Most turbo cancers are Stage 3 or 4 by the time they’re diagnosed, yet symptoms only arose days or weeks ago. They grow and spread so rapidly, that many patients die before treatment can even begin. Most turbo cancers are also resistant to conventional treatment.

By Dr. Joseph Mercola, The Defender

This article was originally published by The Defender — Children’s Health Defense’s News & Views Website.

Story at a glance:

  • Oncologists are reporting an alarming rise in post-jab “turbo cancers,” a term coined to describe incredibly rapid-growing cancers in people who have received one or more COVID-19 jabs.
  • Turbo cancers are showing up in young people, many under the age of 30, with no family history of cancer. They’re also showing up in pregnant women and young children.
  • Most turbo cancers are Stage 3 or 4 by the time they’re diagnosed, yet symptoms only arose days or weeks ago. They grow and spread so rapidly, that many patients die before treatment can even begin. Most turbo cancers are also resistant to conventional treatment.
  • There are several possible mechanisms of the COVID-19 shots that can lead to cancer in susceptible individuals. The primary one is the modification of the mRNA used. Pseudouridine was inserted to stabilize the RNA. The resulting protein can easily get misfolded, and protein misfolding is a hallmark of Alzheimer’s, Parkinson’s and heart failure.
  • The pseudouridine insertion can also suppress your innate immune surveillance by dampening the activity of toll-like receptors, and reduced cancer surveillance is a downstream effect of that.
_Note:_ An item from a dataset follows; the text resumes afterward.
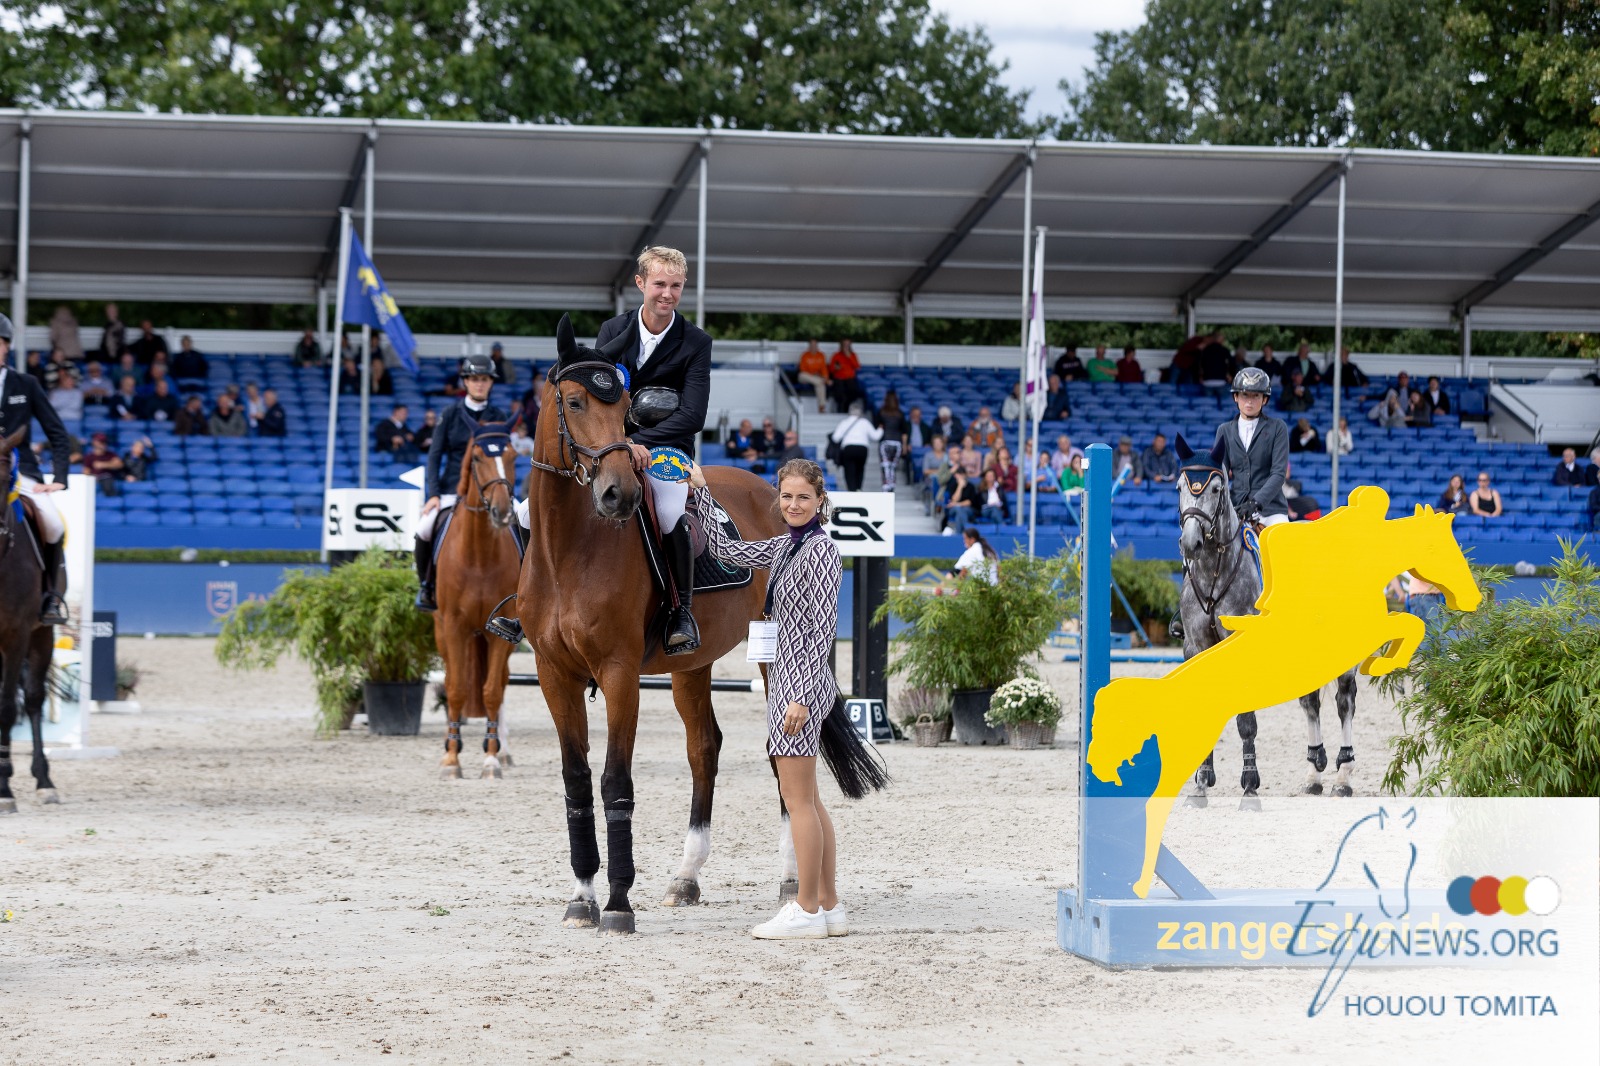 Gilles Thomas and Lavanoche T&L Z best in second qualifier for World Championship 7YO

In a Sept. 22, Highwire interview (video below), Canadian oncologist and cancer researcher Dr. William Makis discussed the alarming rise in post-jab “turbo cancers,” a term coined to describe incredibly rapid-growing cancers in people who have received one or more COVID-19 jabs.

One example of this is detailed in a September case report co-written by Dr. Peter McCullough. It describes the rapid deterioration of a 56-year-old man who within days of his COVID-19 shot developed Bell’s palsy, which progressed into an aggressive tumor on his ear and face.

As noted in the abstract:

“The malignancy was of cutaneous origin and the case showed symptoms consistent with Bell’s palsy and trigeminal neuralgia beginning four days post-vaccination … In this study we describe all aspects of this case and discuss possible causal links between the rapid emergence of this metastatic cancer and mRNA vaccination.

“We place this within the context of multiple immune impairments potentially related to the mRNA injections that would be expected to potentiate more aggressive presentation and progression of cancer.

“The type of malignancy we describe suggests a population risk for occurrence of a large variety of relatively common basaloid phenotype cancer cells, which may have the potential for metastatic disease. This can be avoidable with early diagnosis and adequate treatment.

“Since facial paralysis/pain is one of the more common adverse neurological events following mRNA injection, careful inspection of cutaneous/soft tissue should be conducted to rule out malignancy.

“An extensive literature review is carried out, in order to elucidate the toxicity of mRNA vaccination that may have led to the death of this patient. Preventive and precise routine clinical investigations can potentially avoid future mortalities.”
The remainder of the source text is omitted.